Saturday, May 28, 2011

Koyaanisqatsi

It would be an understatement to say that I'm not a huge fan of Philip Glass.  That said, there are a handful of his pieces that I like and Koyaanisqatsi, its initial theme and the work as a whole, I actually think is brilliant, even though much of its effectiveness must be credited to his visionary collaborator, Godfrey Reggio.  The job of a film soundtrack, normally, is to guide the viewer as unobtrusively as possible in how to feel about the images being presented; in the case of Koyaanisqatsi, the soundtrack carries the additional burden of serving as dialog (or monologue, in this case) and so remains very much in the foreground.  As a consequence, it is intended to be heard overtly and, therefore, can theoretically stand on its own.  Although, like any soundtrack, I cannot hear the music without seeing in my mind's eye the images it was written to accompany, I think in this work, Glass transcended himself and created a work that is both surprisingly varied and yet emotionally relentless, giving Reggio the hammer he desired to drive home the film's message.  In the opening theme, Glass provides a musical foreshadowing of both the grace and the violence that he and Reggio have in store for the audience.  Because of that, and for other reasons, this brief, transparent work remains one of my favorites from the film. 

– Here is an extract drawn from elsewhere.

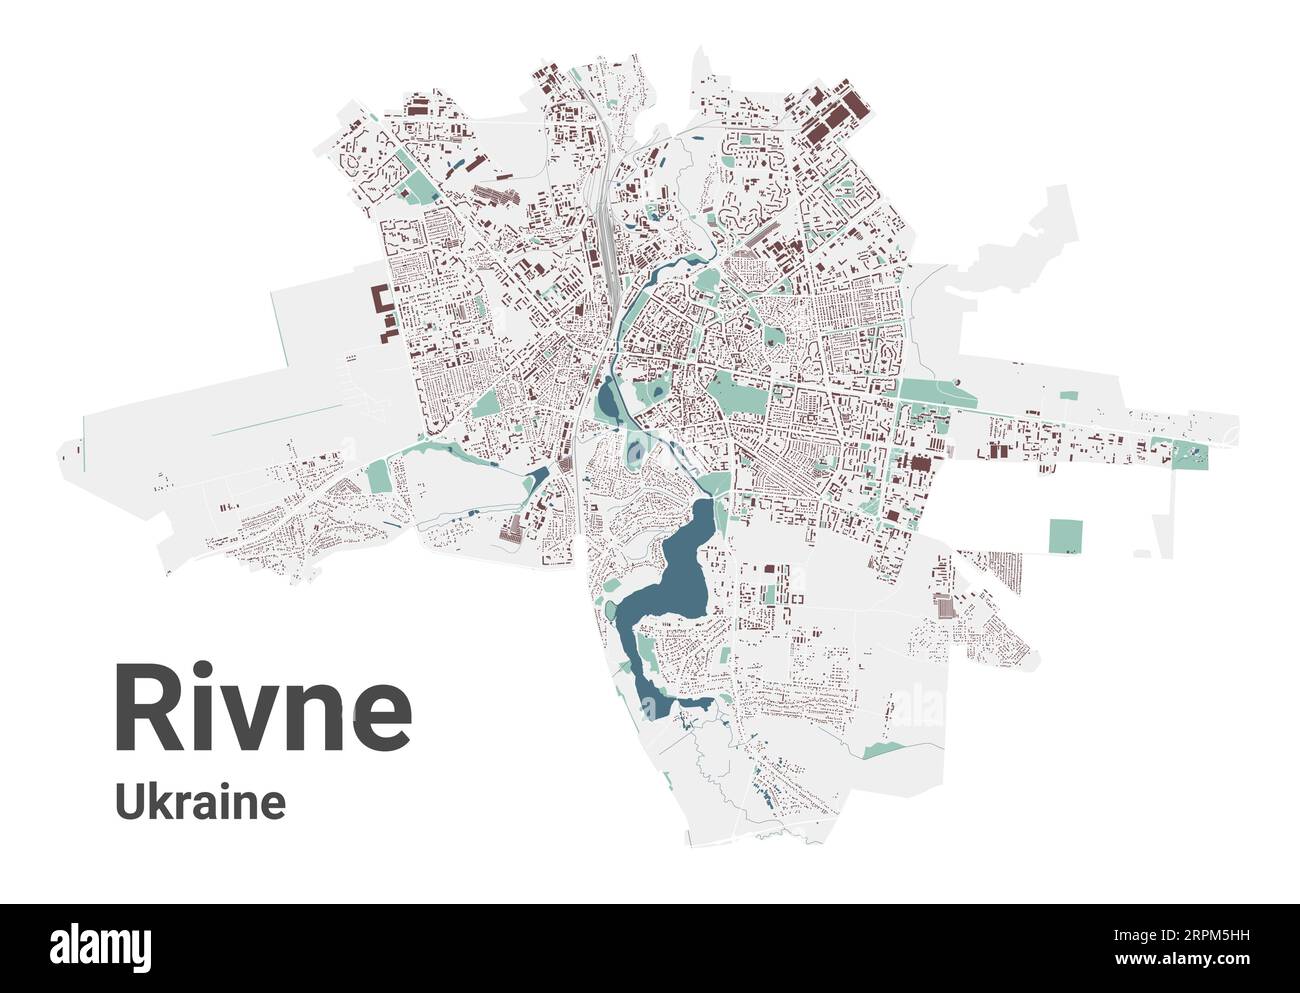 Carte de Rivne, ville en Ukraine. Carte de la zone administrative municipale avec les bâtiments, les rivières et les routes, les parcs et les voies ferrées. Illustration vectorielle. Illustration de Vecteur

I started this project as a quick bit of playtime before starting on my next, more challenging piece and I had an idea that I'd like to do a spoof of Glass's works; given how homogenous most of it is, a sequencer like Tracktion makes this pitifully easy.  However, as I began to work on it, a) I realized that a really good spoof would just end up sounding like another Glass piece and, really, why does the world need another piece that sounds like what we've already got too much of, and b) I recalled that there were a couple pieces of Glass' I actually liked.  As a result, I remembered Koyaanisqatsi and looked it up on YouTube, where I discovered that the entire film is actually available (although it is in relatively low resolution and, since the images are the heart of the film, if you want to see it, do so on DVD or Blu-Ray).  After listening to the opening theme, I heard again how elegant and transparent it was and thought, "I bet, just for fun, I could transcribe that in about five minutes."  And, indeed, it was even simpler than I had remembered, with just four voices alternating and building on each other.

As with most of Glass' music, this should be listened to at high volume.




A Glass devotee will notice that, in this arrangement, I doubled three voices and added two cycles (eight measures).  As the preface to the film, it appropriately does not build to where it might; however, as a standalone piece, I felt that it wanted to and could be indulged a little.  With the above additions, it rises to the cacophony that it seems to reach for when it is pruned in its role as an entree to the film, which is something I love about the piece:  that, by merely stacking a few well-defined linear motifs, Glass carries us from foreboding to damnation in just a few bars, finally leaving us hanging, drifting alone in empty space, wondering how long eternity will be.

Sunday, May 8, 2011

Debussy: Reverie

Well, I've been working on this (and kvetching about not having finished it) for so long, that this may be a bit anti-climactic, but, at last, it's done -- or done enough, anyway.  This is the piece I've been working on since February that the completion of which has been variously interrupted by school demands, computer issues large and small, and operator problems.  It feels like a long time coming and a commensurate relief to post it.  Strictly speaking, it's unfinished; there are some mixing issues that I could fix and I still feel a little lost as regards how to best to implement dynamic expression, but, between the facts that this is my first big project and that I am really ready to move on to something new, I decided it was time to call it done.  All that said, I'm actually pretty happy with it overall. 



It's no accident that I chose this piece for my first big synthesizer arrangement.  When I was in my teens, my father brought home a copy of Isao Tomita's Snowflakes are Dancing, and in it Tomita did an arrangement of Reverie.  Up to that point, the only real synthetic music I had heard was Wendy (then Walter) Carlos' Switched on Bach and The Well-Tempered Synthesizer, which we used to listen to all the time.  Tomita's virtuosity on the keyboard and timbral imagination was so radically different from what Carlos had done, at first it seemed to go too far, but the more I listened to it, the more I heard his genius.  Although I don't intend to emulate him, I do aspire to Tomita's level of imagination; I still hear new things in his work every time I listen to it. 

My arrangement here is not intended as a "remake" of Tomita's performance (that would be almost as silly as remaking King Kong).  Instead, as Reverie is simply a piece I have loved for many years and, despite its relative simplicity, I hear many voices woven into it, so it seemed like a good place to start learning the basics of synthetic music production.  Only one of the voices in this arrangement is original; several are mods of stock voices, and one or two are unaltered stock.  I ran across the two voices at the beginning of the piece quite by accident, but they set the tone for the rest of the work.

I hope you enjoy this as much as I have enjoyed making it.